EXERCISE OBJECTIVE: Each entry below should appear again exactly as written, without pictures.

Data extracted from a collection:

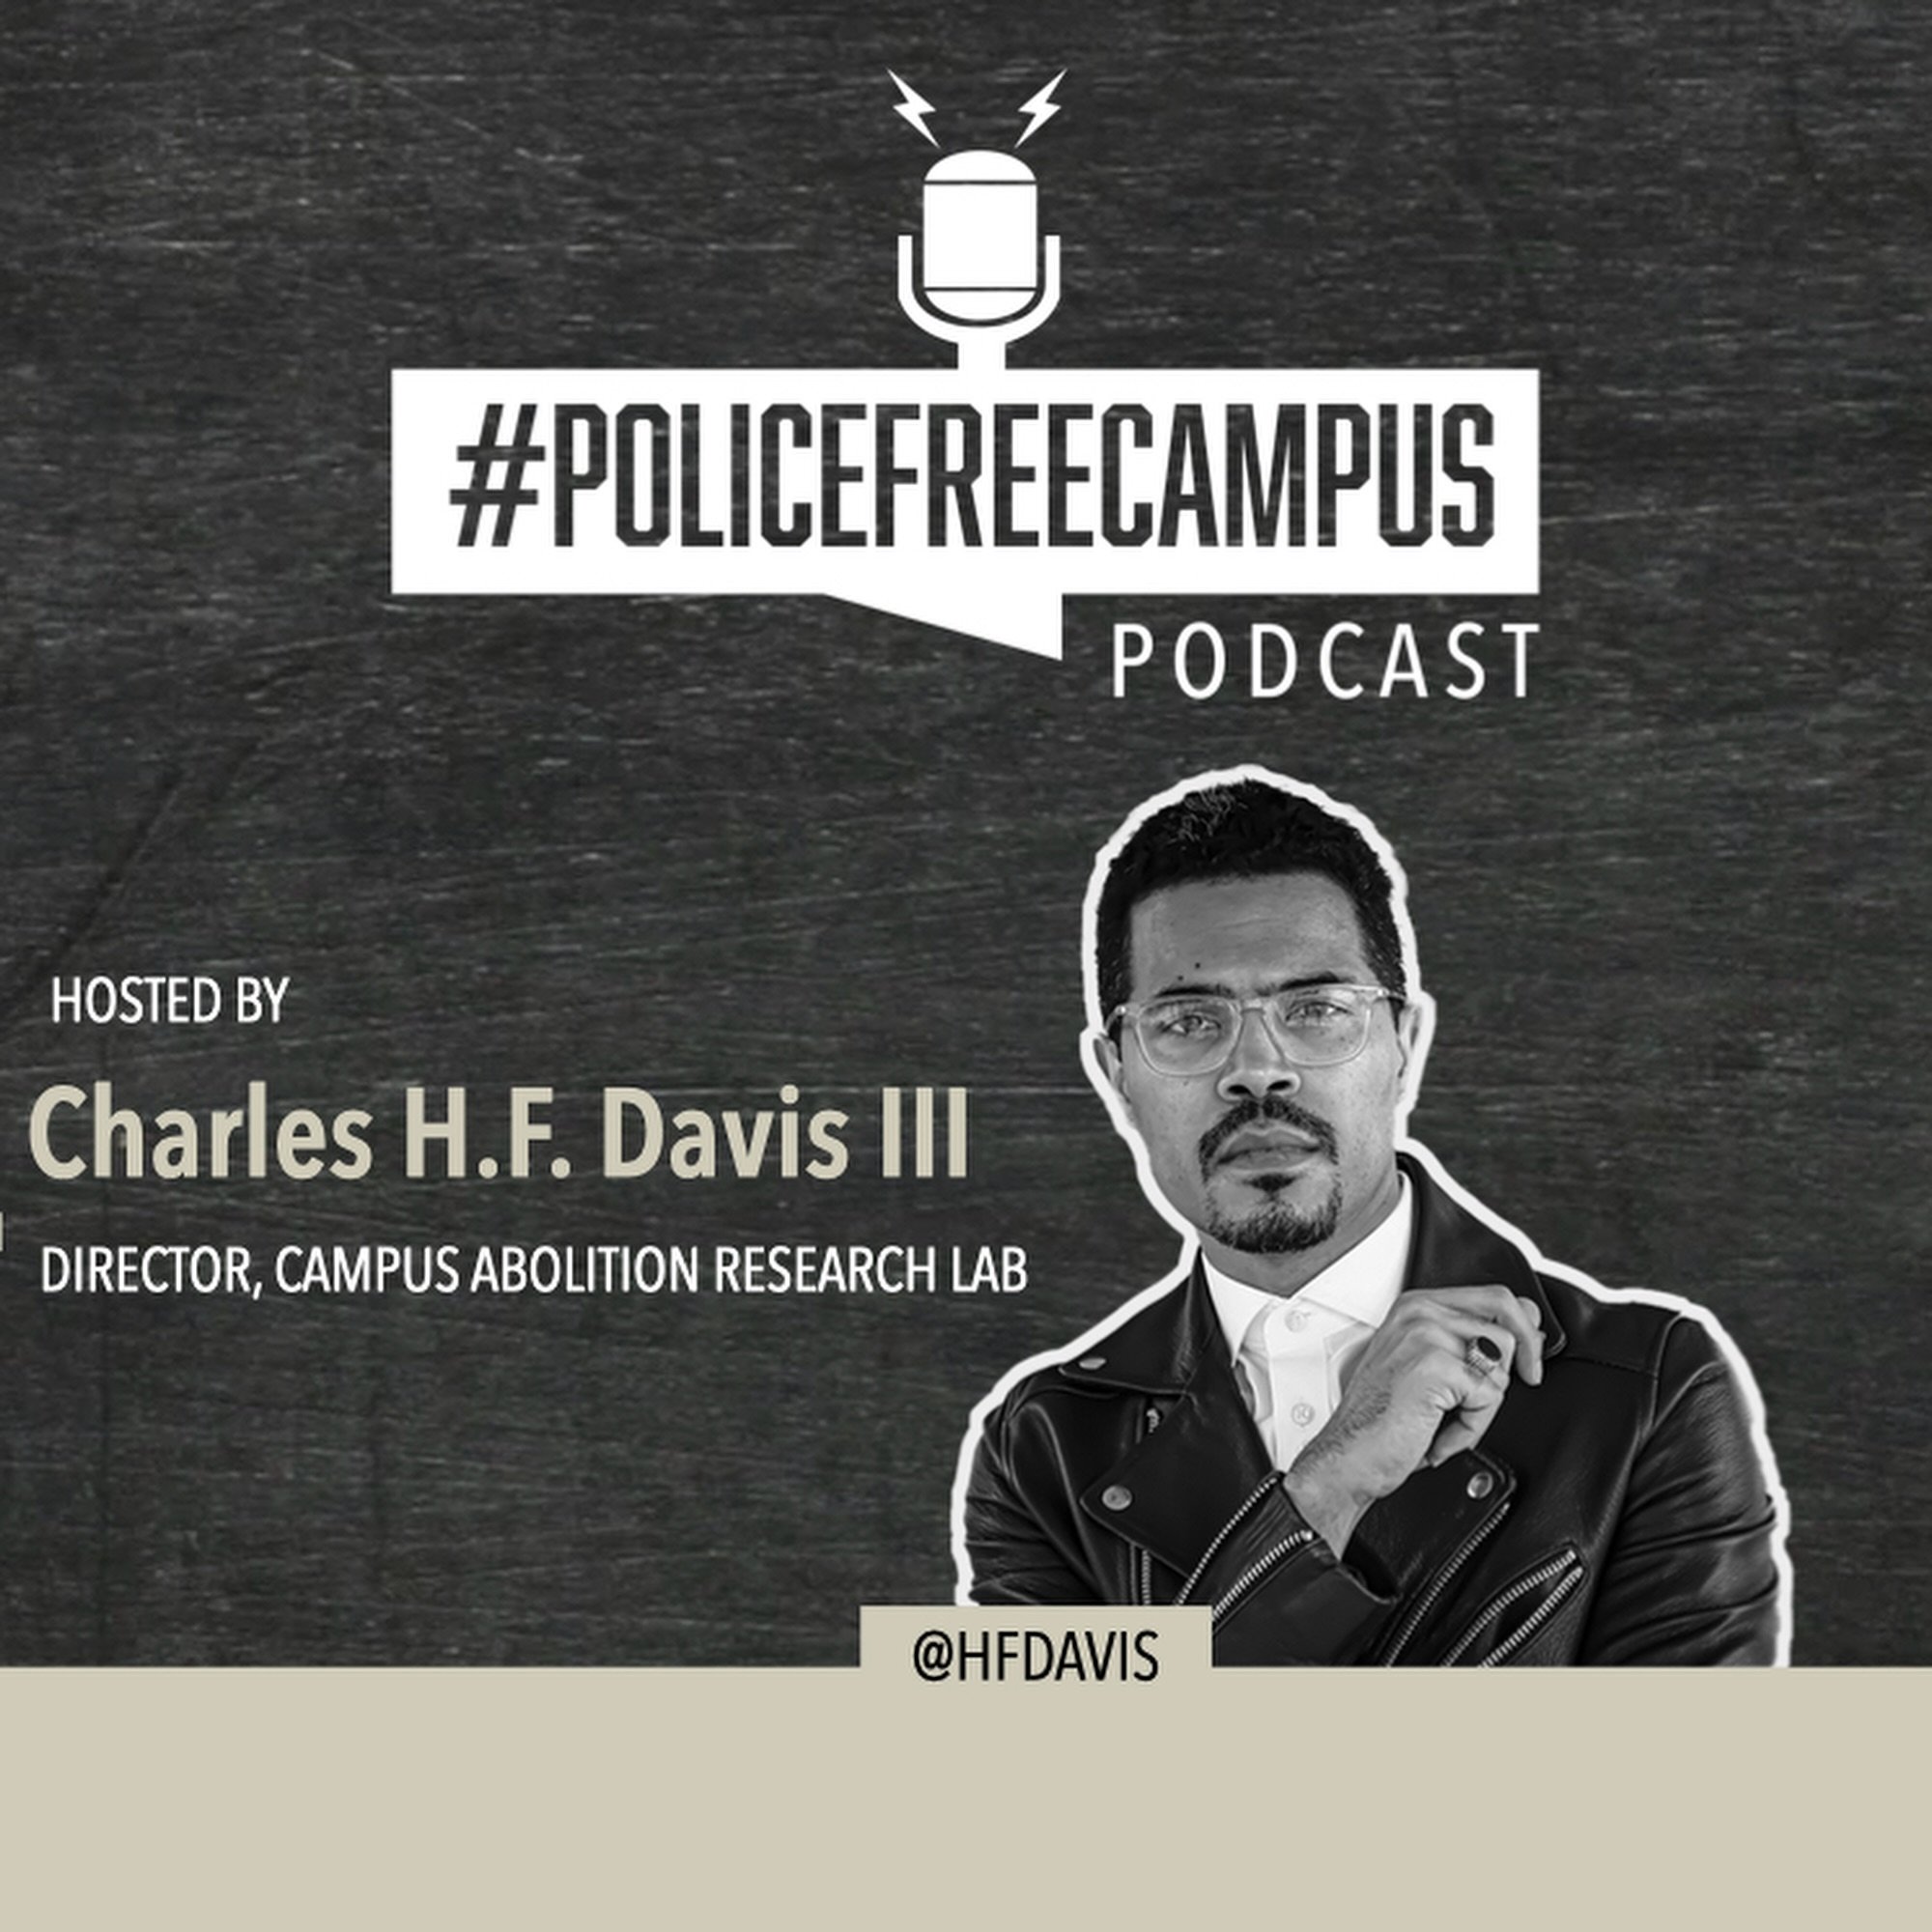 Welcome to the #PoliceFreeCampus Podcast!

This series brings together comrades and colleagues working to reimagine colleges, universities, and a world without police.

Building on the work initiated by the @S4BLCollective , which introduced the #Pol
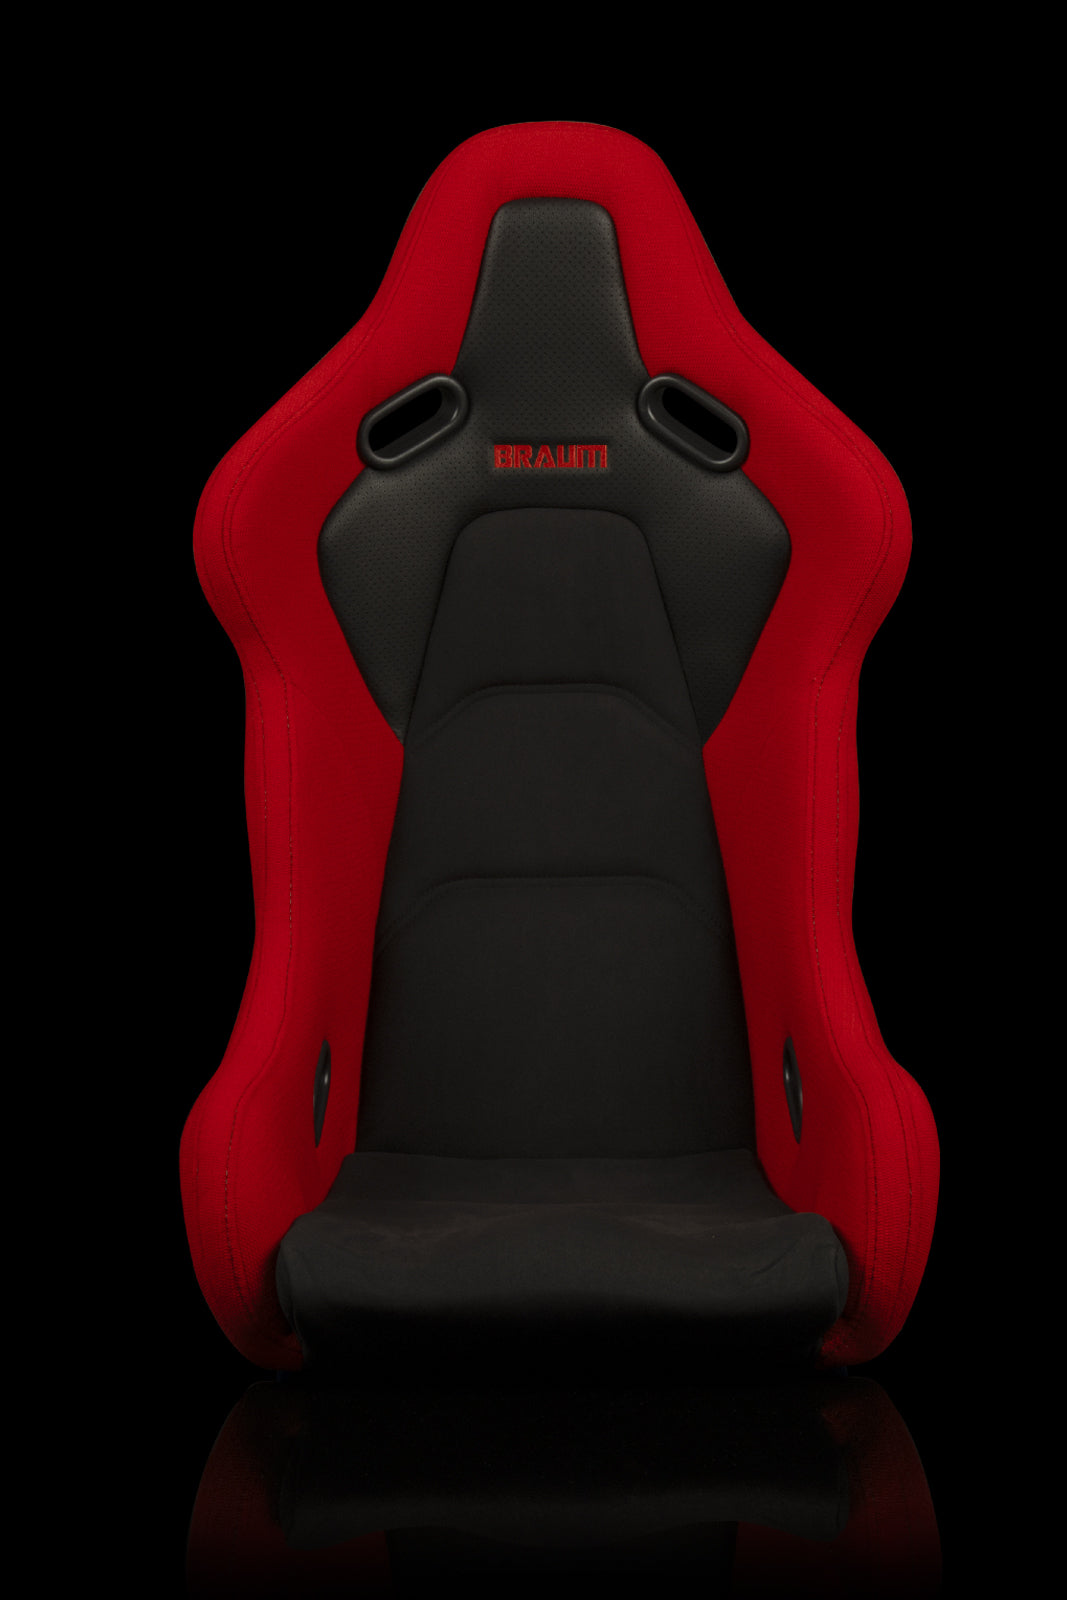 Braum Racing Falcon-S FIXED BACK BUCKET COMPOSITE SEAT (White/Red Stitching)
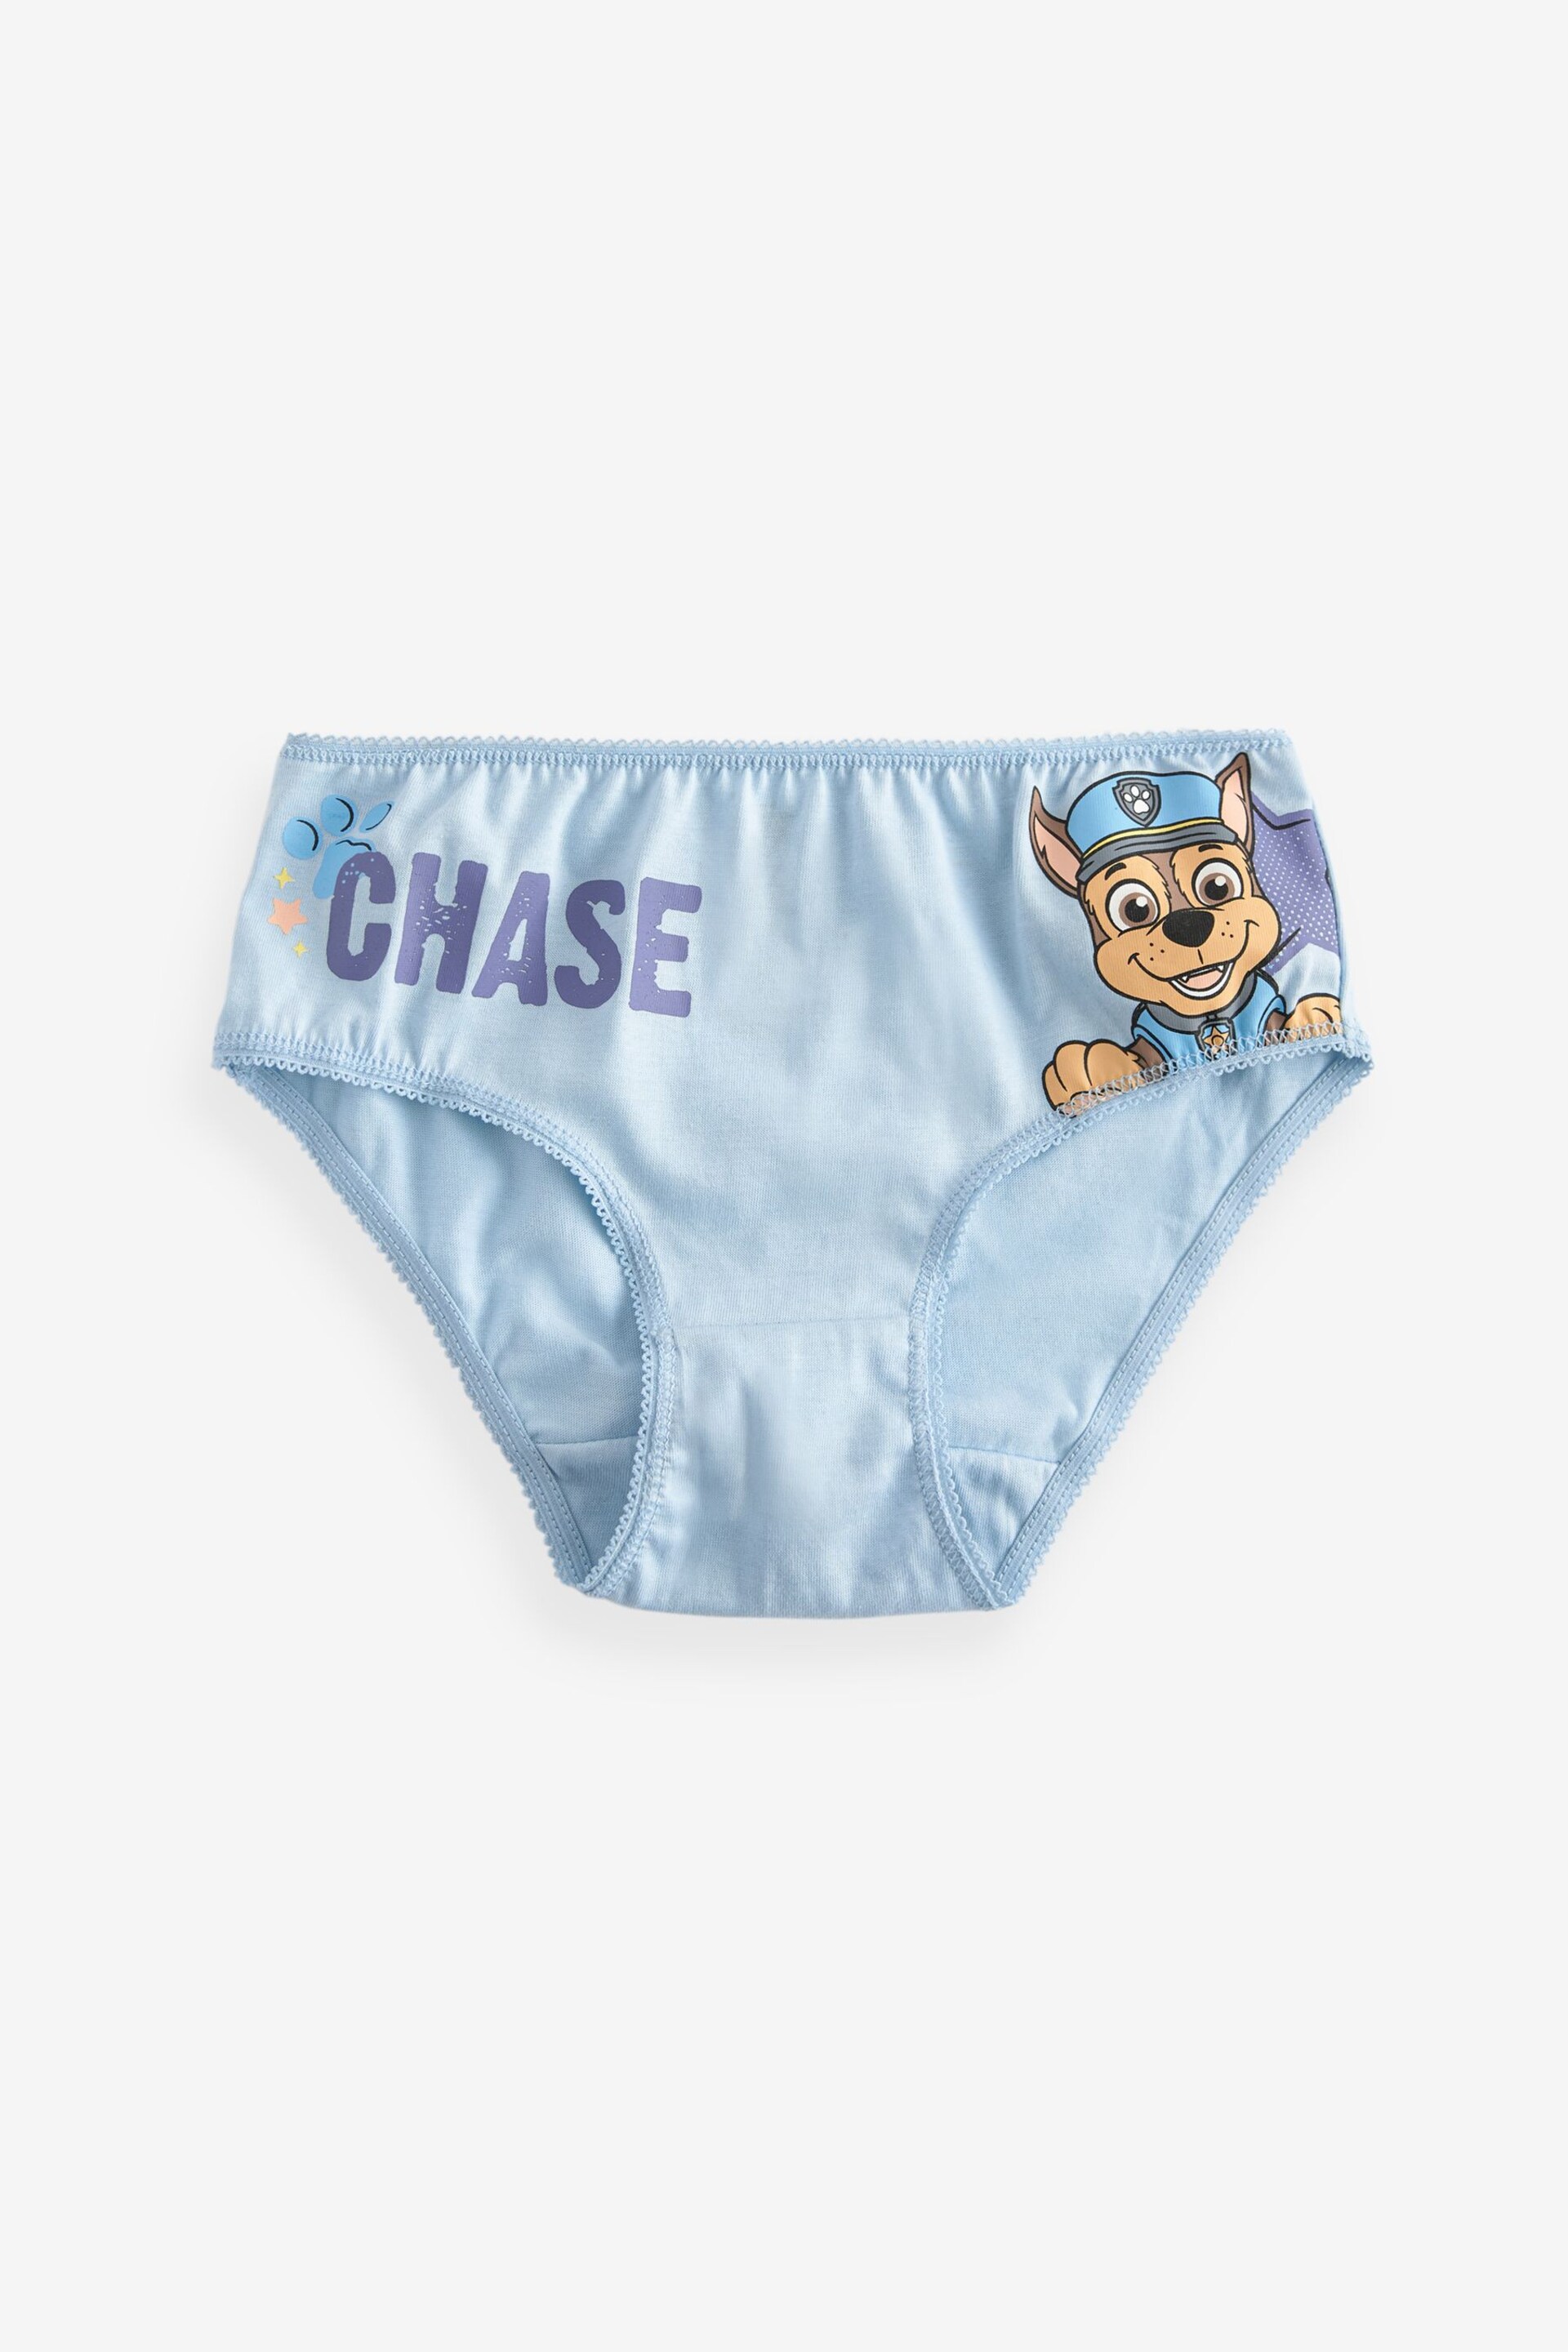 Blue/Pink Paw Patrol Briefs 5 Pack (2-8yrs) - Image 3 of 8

ANSWER BELOW:
 Welcome to the #PoliceFreeCampus Podcast!

This series brings together comrades and colleagues working to reimagine colleges, universities, and a world without police.

Building on the work initiated by the @S4BLCollective , which introduced the #Pol
 Braum Racing Falcon-S FIXED BACK BUCKET COMPOSITE SEAT (White/Red Stitching)
 Blue/Pink Paw Patrol Briefs 5 Pack (2-8yrs) - Image 3 of 8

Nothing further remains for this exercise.